Would you retype the whole listing exactly?

== Segment start ==

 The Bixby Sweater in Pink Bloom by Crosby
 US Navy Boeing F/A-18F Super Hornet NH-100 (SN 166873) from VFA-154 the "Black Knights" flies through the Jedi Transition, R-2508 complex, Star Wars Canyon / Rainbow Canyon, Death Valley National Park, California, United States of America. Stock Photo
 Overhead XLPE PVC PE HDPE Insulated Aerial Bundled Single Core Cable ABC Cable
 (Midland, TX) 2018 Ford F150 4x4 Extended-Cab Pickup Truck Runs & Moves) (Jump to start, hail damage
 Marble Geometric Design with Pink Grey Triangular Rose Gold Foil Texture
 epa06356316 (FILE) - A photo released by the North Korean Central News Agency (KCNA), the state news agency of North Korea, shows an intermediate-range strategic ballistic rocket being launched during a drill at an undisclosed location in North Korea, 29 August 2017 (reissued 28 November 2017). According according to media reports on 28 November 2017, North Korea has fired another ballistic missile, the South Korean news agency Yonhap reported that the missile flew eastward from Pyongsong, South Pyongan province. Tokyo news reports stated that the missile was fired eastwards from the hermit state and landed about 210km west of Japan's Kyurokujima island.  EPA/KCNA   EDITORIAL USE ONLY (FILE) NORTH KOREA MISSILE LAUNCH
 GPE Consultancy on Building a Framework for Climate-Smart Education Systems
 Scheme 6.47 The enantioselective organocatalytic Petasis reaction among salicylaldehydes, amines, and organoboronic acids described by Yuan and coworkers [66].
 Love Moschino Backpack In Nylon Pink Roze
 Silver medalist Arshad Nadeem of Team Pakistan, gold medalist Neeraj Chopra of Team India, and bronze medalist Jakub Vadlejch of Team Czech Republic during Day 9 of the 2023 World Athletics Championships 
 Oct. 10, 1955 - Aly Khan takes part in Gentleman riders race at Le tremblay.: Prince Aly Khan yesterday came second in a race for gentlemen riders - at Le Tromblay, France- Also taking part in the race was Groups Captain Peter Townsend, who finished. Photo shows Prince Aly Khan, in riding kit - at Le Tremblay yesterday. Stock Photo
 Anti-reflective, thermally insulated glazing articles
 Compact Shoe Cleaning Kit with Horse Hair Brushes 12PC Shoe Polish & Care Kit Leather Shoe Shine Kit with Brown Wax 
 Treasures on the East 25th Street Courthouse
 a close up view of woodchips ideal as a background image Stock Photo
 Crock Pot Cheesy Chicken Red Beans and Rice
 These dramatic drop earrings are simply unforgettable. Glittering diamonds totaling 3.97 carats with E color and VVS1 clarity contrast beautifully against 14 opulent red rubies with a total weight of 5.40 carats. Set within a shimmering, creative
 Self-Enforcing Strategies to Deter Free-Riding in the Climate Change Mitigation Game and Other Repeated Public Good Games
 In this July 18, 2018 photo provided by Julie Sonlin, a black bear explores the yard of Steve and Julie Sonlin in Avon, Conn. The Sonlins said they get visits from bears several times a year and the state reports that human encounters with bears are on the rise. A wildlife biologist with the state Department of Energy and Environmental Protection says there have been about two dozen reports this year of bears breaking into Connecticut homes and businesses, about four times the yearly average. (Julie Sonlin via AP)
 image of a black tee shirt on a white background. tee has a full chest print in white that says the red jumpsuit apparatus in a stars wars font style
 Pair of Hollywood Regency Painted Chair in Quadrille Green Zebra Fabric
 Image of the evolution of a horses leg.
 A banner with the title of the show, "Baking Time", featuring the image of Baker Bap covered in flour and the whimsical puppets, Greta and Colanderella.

== Segment end ==

## Result for this exercise
 The Bixby Sweater in Pink Bloom by Crosby
 US Navy Boeing F/A-18F Super Hornet NH-100 (SN 166873) from VFA-154 the "Black Knights" flies through the Jedi Transition, R-2508 complex, Star Wars Canyon / Rainbow Canyon, Death Valley National Park, California, United States of America. Stock Photo
 Overhead XLPE PVC PE HDPE Insulated Aerial Bundled Single Core Cable ABC Cable
 (Midland, TX) 2018 Ford F150 4x4 Extended-Cab Pickup Truck Runs & Moves) (Jump to start, hail damage
 Marble Geometric Design with Pink Grey Triangular Rose Gold Foil Texture
 epa06356316 (FILE) - A photo released by the North Korean Central News Agency (KCNA), the state news agency of North Korea, shows an intermediate-range strategic ballistic rocket being launched during a drill at an undisclosed location in North Korea, 29 August 2017 (reissued 28 November 2017). According according to media reports on 28 November 2017, North Korea has fired another ballistic missile, the South Korean news agency Yonhap reported that the missile flew eastward from Pyongsong, South Pyongan province. Tokyo news reports stated that the missile was fired eastwards from the hermit state and landed about 210km west of Japan's Kyurokujima island.  EPA/KCNA   EDITORIAL USE ONLY (FILE) NORTH KOREA MISSILE LAUNCH
 GPE Consultancy on Building a Framework for Climate-Smart Education Systems
 Scheme 6.47 The enantioselective organocatalytic Petasis reaction among salicylaldehydes, amines, and organoboronic acids described by Yuan and coworkers [66].
 Love Moschino Backpack In Nylon Pink Roze
 Silver medalist Arshad Nadeem of Team Pakistan, gold medalist Neeraj Chopra of Team India, and bronze medalist Jakub Vadlejch of Team Czech Republic during Day 9 of the 2023 World Athletics Championships 
 Oct. 10, 1955 - Aly Khan takes part in Gentleman riders race at Le tremblay.: Prince Aly Khan yesterday came second in a race for gentlemen riders - at Le Tromblay, France- Also taking part in the race was Groups Captain Peter Townsend, who finished. Photo shows Prince Aly Khan, in riding kit - at Le Tremblay yesterday. Stock Photo
 Anti-reflective, thermally insulated glazing articles
 Compact Shoe Cleaning Kit with Horse Hair Brushes 12PC Shoe Polish & Care Kit Leather Shoe Shine Kit with Brown Wax 
 Treasures on the East 25th Street Courthouse
 a close up view of woodchips ideal as a background image Stock Photo
 Crock Pot Cheesy Chicken Red Beans and Rice
 These dramatic drop earrings are simply unforgettable. Glittering diamonds totaling 3.97 carats with E color and VVS1 clarity contrast beautifully against 14 opulent red rubies with a total weight of 5.40 carats. Set within a shimmering, creative
 Self-Enforcing Strategies to Deter Free-Riding in the Climate Change Mitigation Game and Other Repeated Public Good Games
 In this July 18, 2018 photo provided by Julie Sonlin, a black bear explores the yard of Steve and Julie Sonlin in Avon, Conn. The Sonlins said they get visits from bears several times a year and the state reports that human encounters with bears are on the rise. A wildlife biologist with the state Department of Energy and Environmental Protection says there have been about two dozen reports this year of bears breaking into Connecticut homes and businesses, about four times the yearly average. (Julie Sonlin via AP)
 image of a black tee shirt on a white background. tee has a full chest print in white that says the red jumpsuit apparatus in a stars wars font style
 Pair of Hollywood Regency Painted Chair in Quadrille Green Zebra Fabric
 Image of the evolution of a horses leg.
 A banner with the title of the show, "Baking Time", featuring the image of Baker Bap covered in flour and the whimsical puppets, Greta and Colanderella.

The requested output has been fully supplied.